Berwickshire in Lockdown documents the efforts of community groups, charities and social enterprises to the coronavirus
A film that celebrates the Berwickshire community’s response to Covid-19 will premiere next week.
Berwickshire in Lockdown is about hope and resilience. It documents the efforts of community groups, charities and social enterprises to respond quickly, and often creatively, to the emerging challenges facing the region.
Berwickshire Association for Voluntary Services (Bavs) commissioned the virtual exhibition and will launch it on Monday 24 May.
Bavs set up a “microgrants” scheme, with funding from National Lottery Community Fund Scotland and Scottish Government Supporting Communities Fund. The aim was to quickly get money to groups working on the ground and save them having to cut through red tape.
Over the last year, more than 65 grants (ranging from £250 to £5,000) were distributed from the community fund and from the Scottish Government Supporting Communities Fund.
Juliana Amaral, chief officer of Bavs, said: “This film gives us an archive demonstrating some of what happened during these remarkable times.

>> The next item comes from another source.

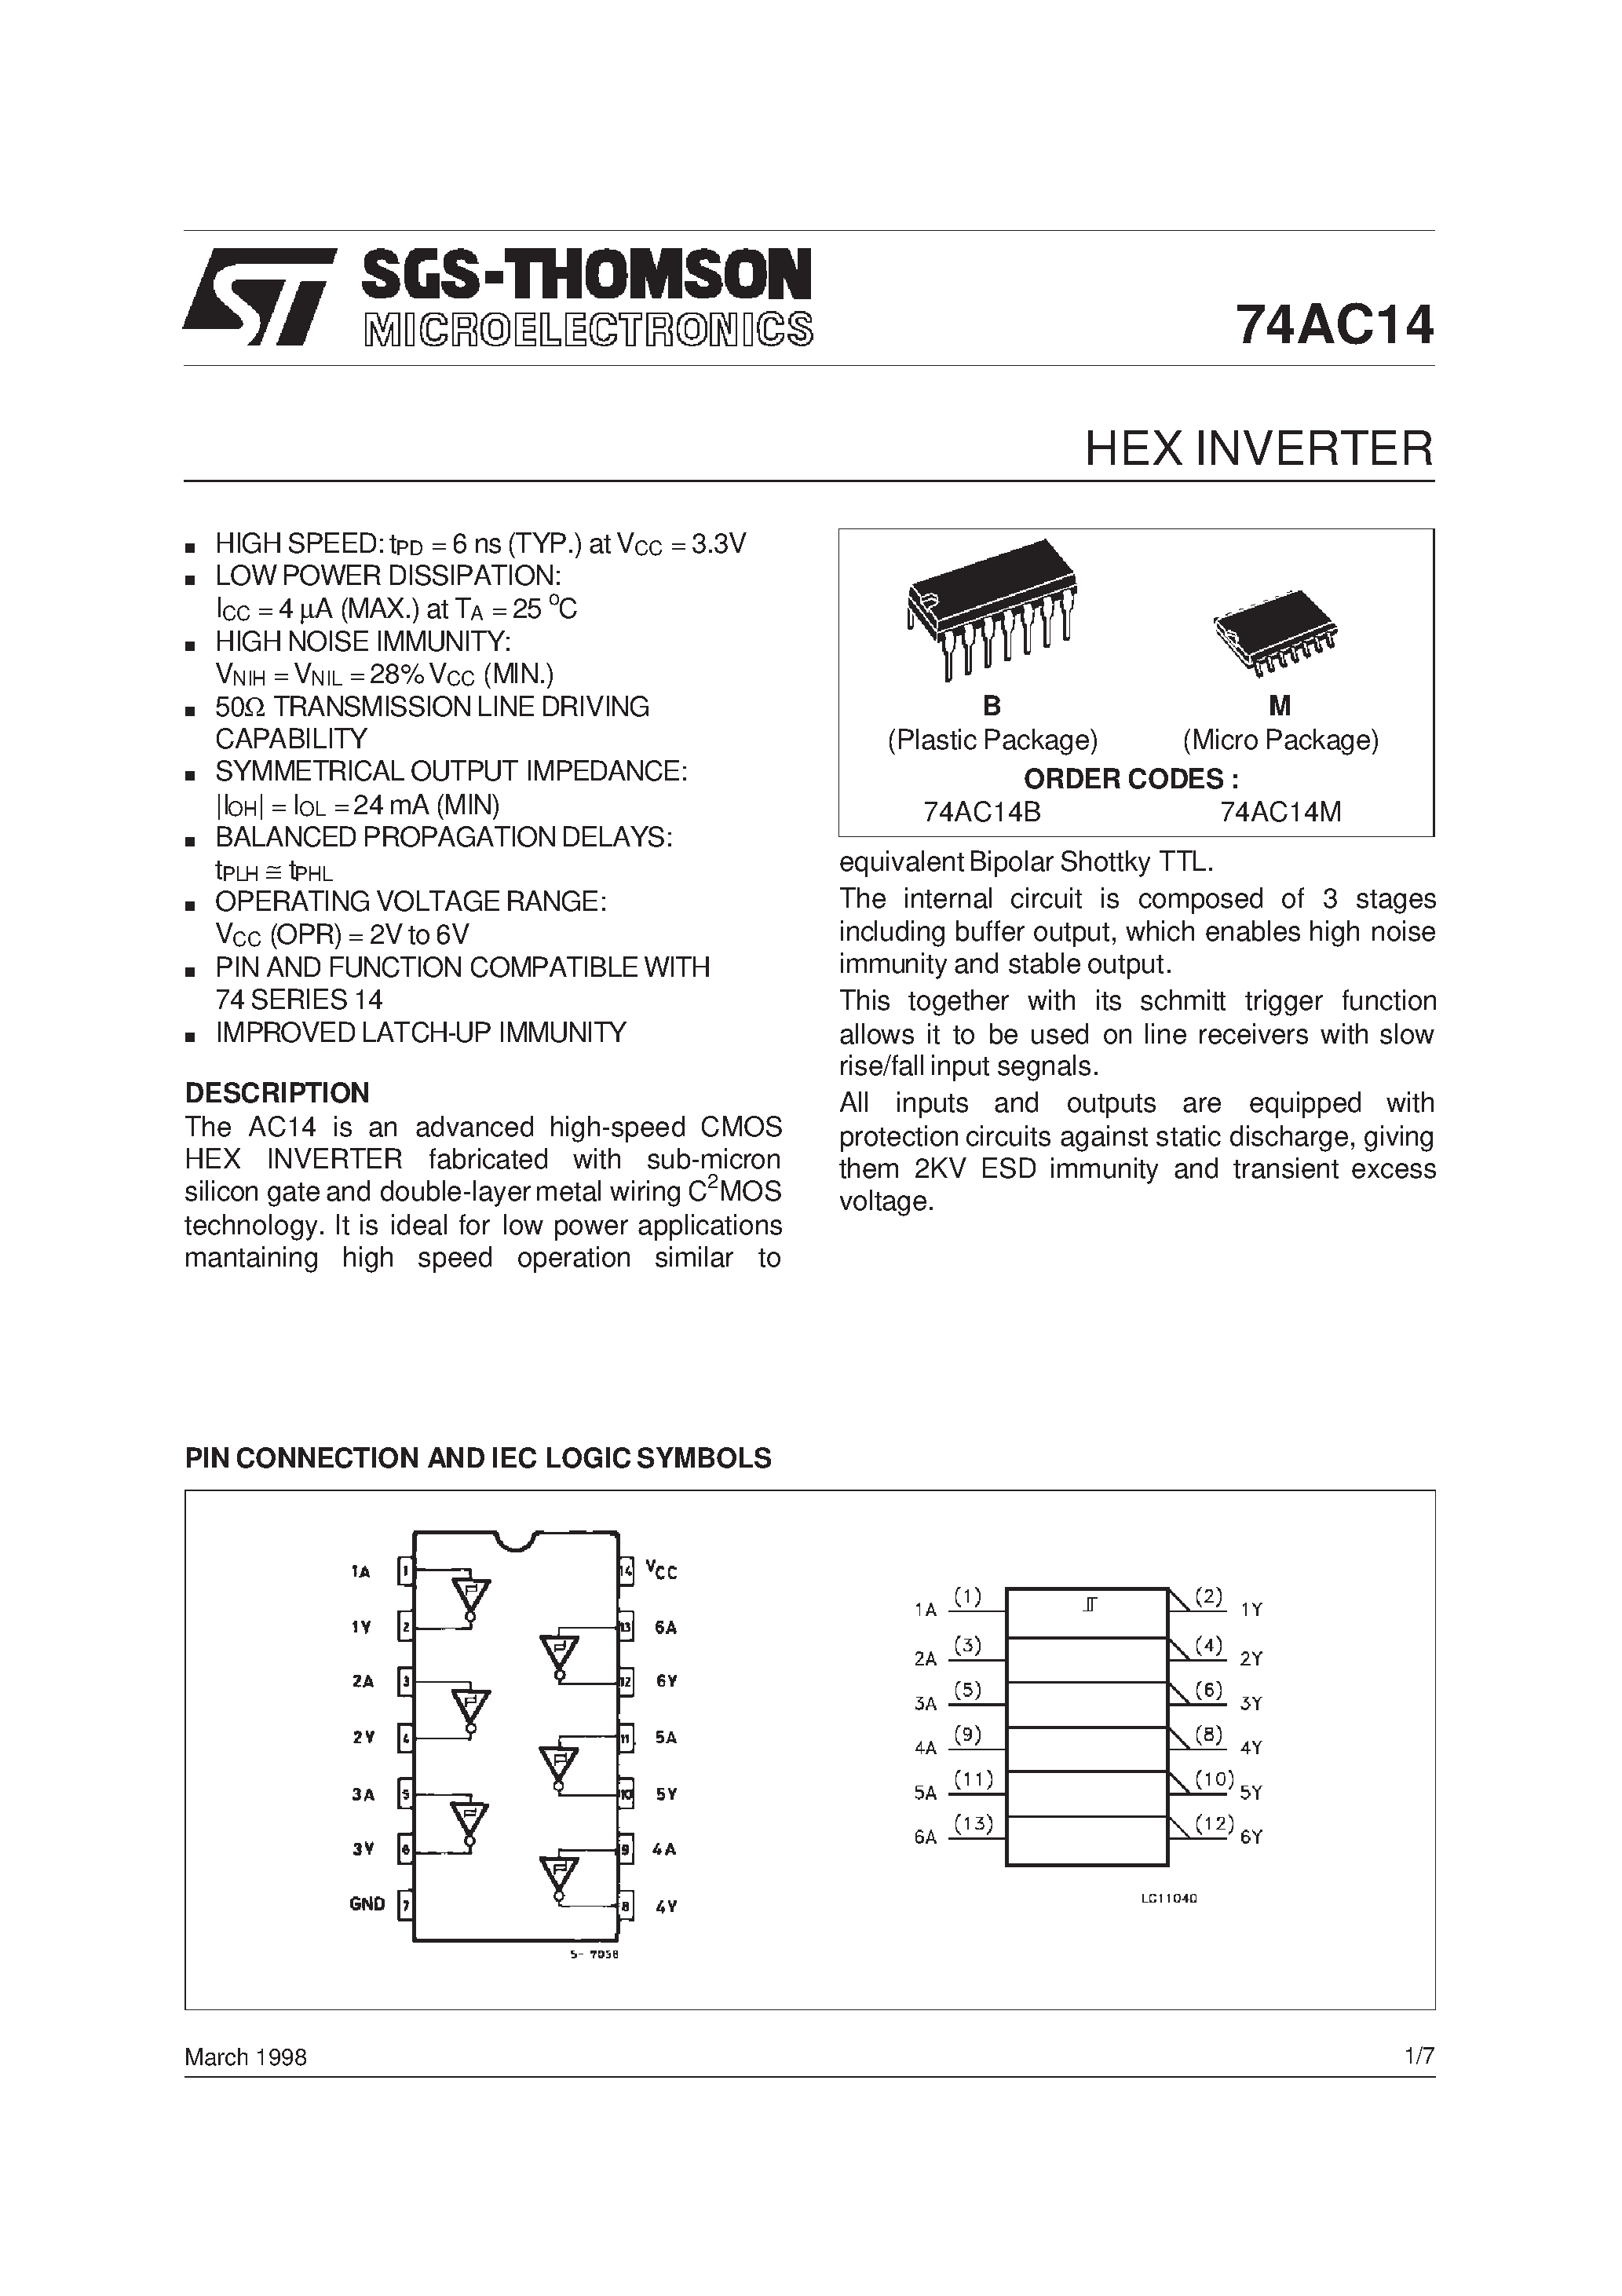 Datasheet 74AC14MTC - Hex Inverter with Schmitt Trigger Input page 1

We can use it to highlight what was achieved and build on this community activism. We are grateful to the funders for supporting us, as the local community development agency in Berwickshire, and for trusting our local knowledge to get grants out quickly to where they were really needed.”

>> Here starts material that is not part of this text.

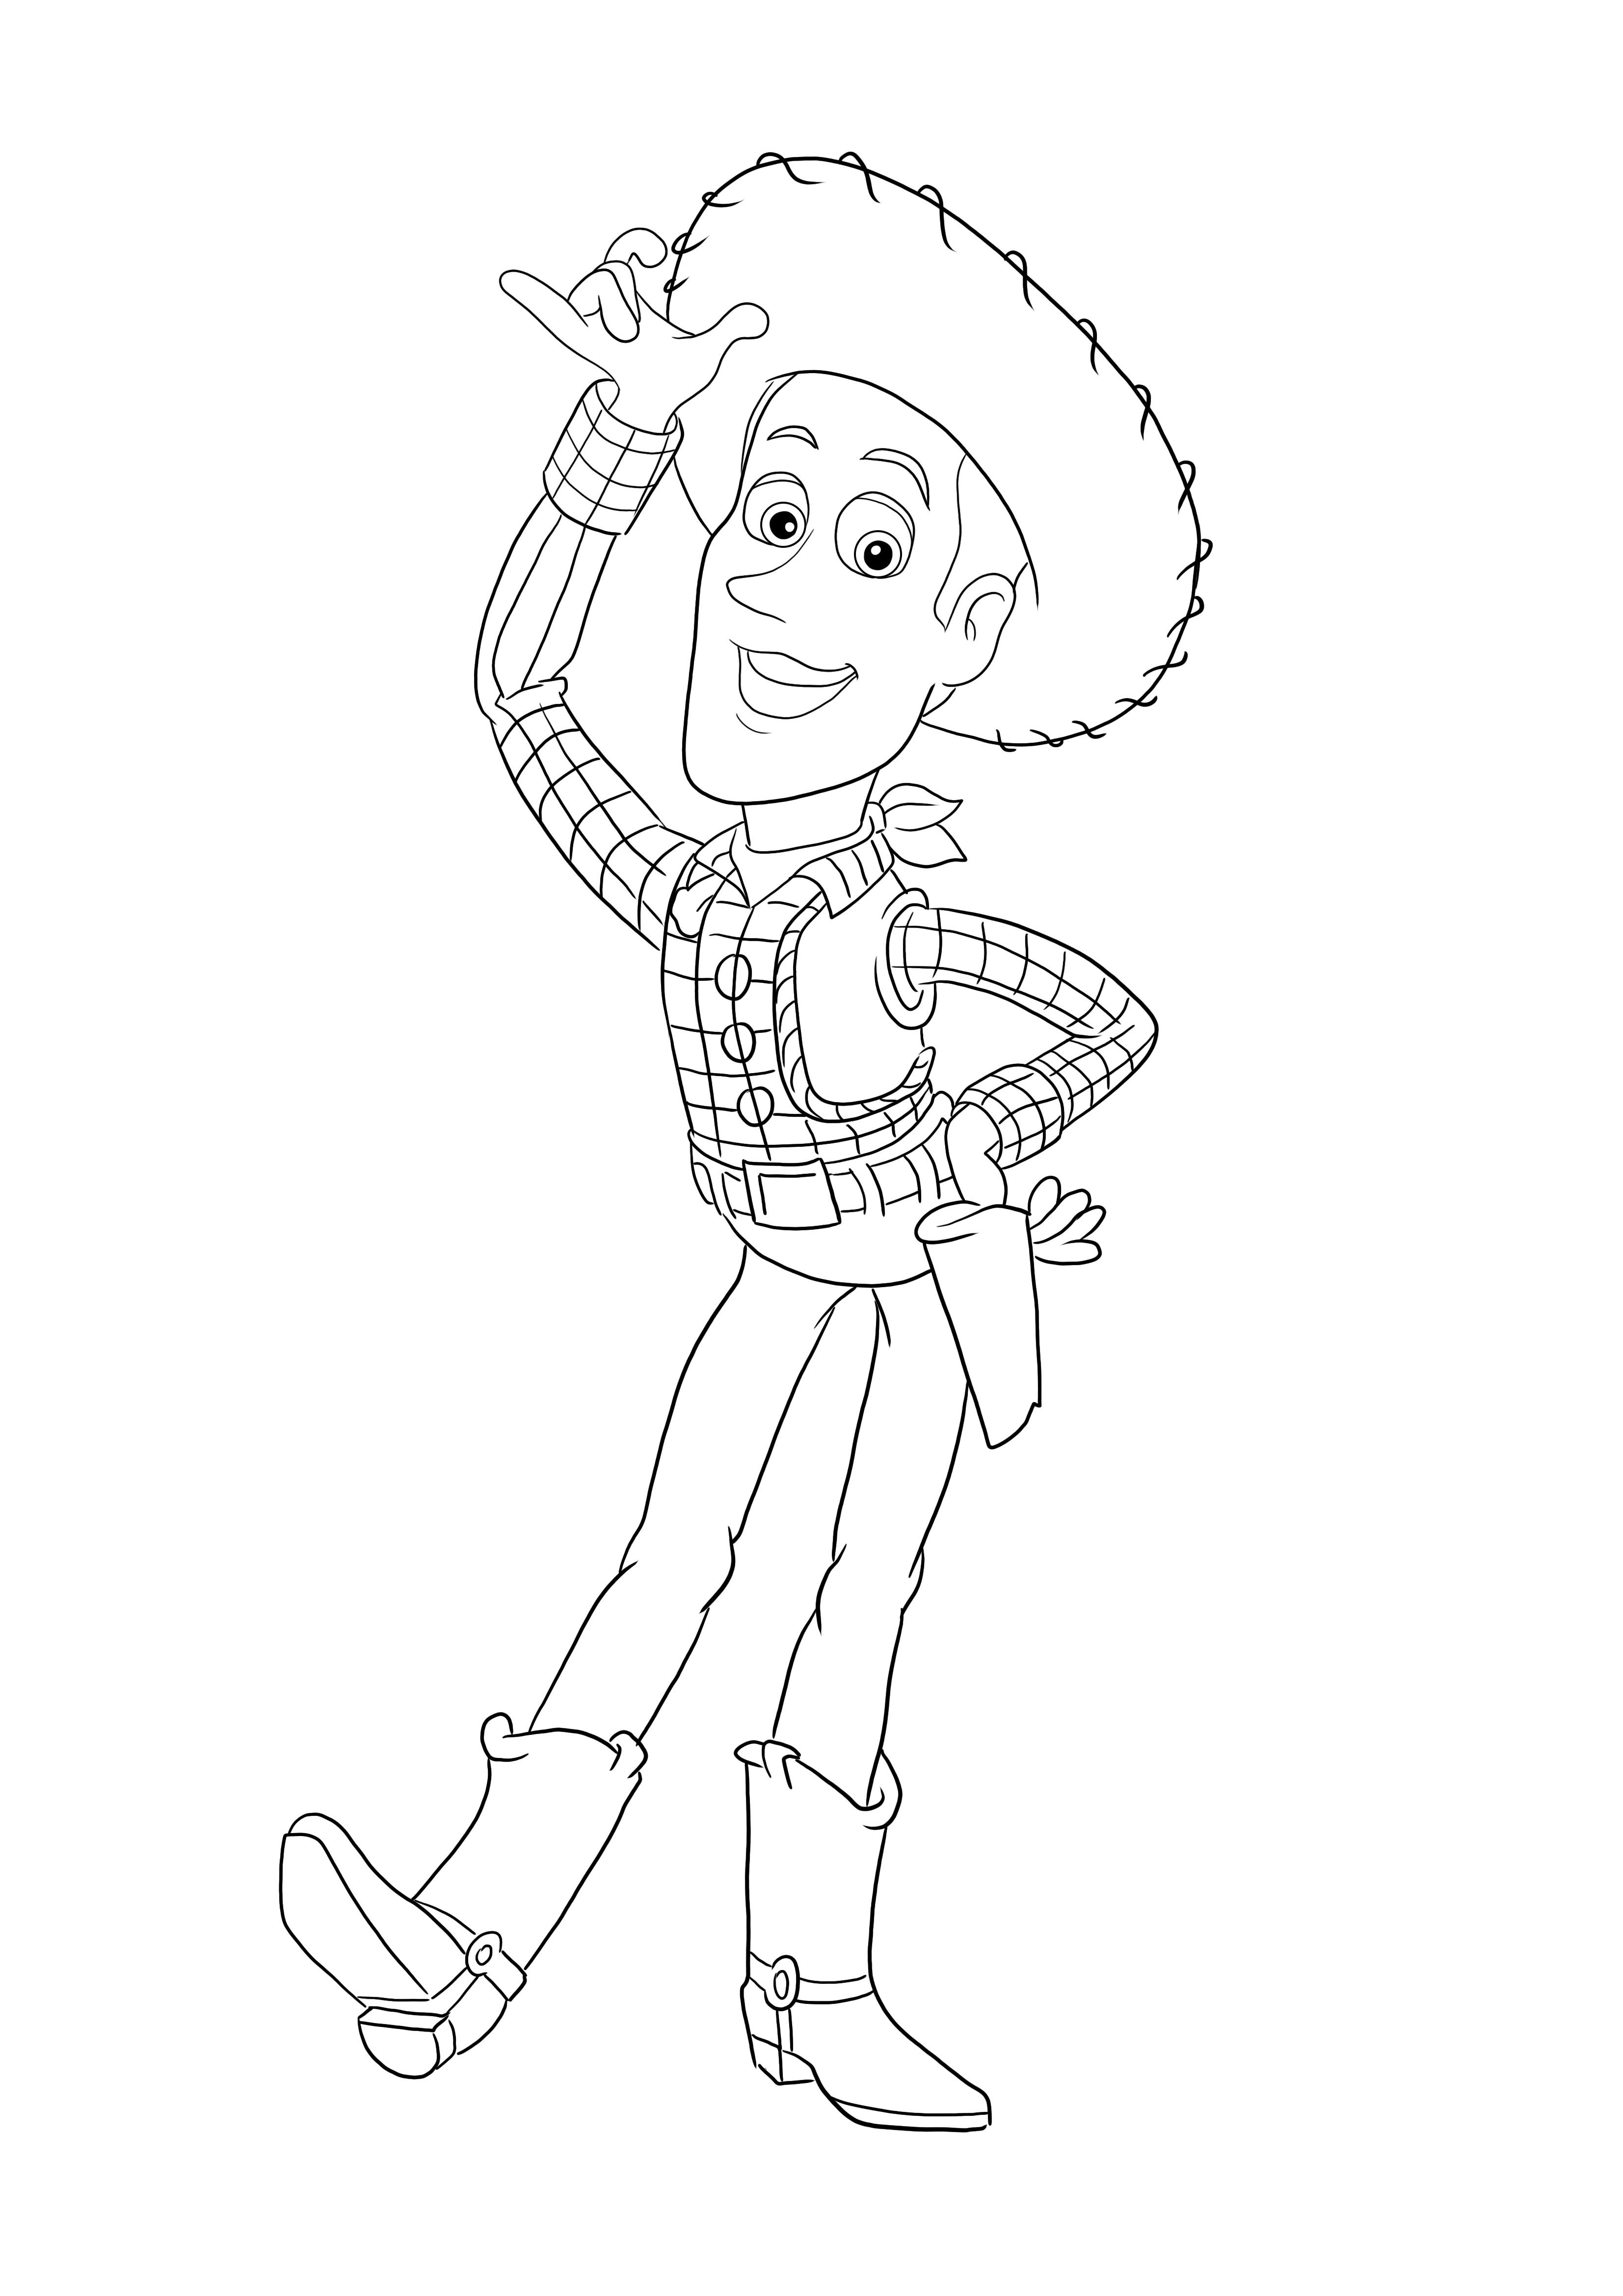 Pagine da colorare di Woody di Toy Story gratis da stampare o scaricare per tutte le età

Berwickshire in Lockdown will be premiered on Monday 24 May on YouTube. It will also feature in the DunsPlayFest programme that day.
Food larders and similar projects were among the key initiatives to emerge during lockdown. The Eyemouth Response Team and Splash, for example, partnered with the local foodbank, Eyemouth Rotary Club and some of the local churches to provide an ongoing supply of cooked meals and food parcels for local people.
The Men’s shed in Coldstream produced more than 400 face shields for local nurses, health visitors and care homes.
Families have been under increased pressure during the past year, with schools closed and home schooling. ParentSpace was able to deliver online mindfulness courses to help parents manage their stress, as well as provide packs for parents who were finding things tough.
Those are just some of the ways that the grant recipients rallied round to support those in their communities.
Senior development worker with Bavs, Jenny Haines, explained: “At the start of the first lockdown, we set up a Covid-19 webpage for community organisations to ensure the sector could access up-to-date information about developments and emergency funding. We also provided support to groups so they could move their services online.
“We have worked with a health and safety specialist to provide up-to-date guidance to ensure the safe running and re-opening of village halls and other charities and community groups.
“The grants allowed us to host online training for third sector staff to ensure that their services are properly risk assessed and safe as we emerge from lockdown. We have also provided coaching to staff working on the frontline in charities during this pandemic.”
Bavs commissioned AllanBank Arts to produce the Berwickshire in Lockdown film, with support from two young local filmmakers, Sam Ward and Nathan Landon.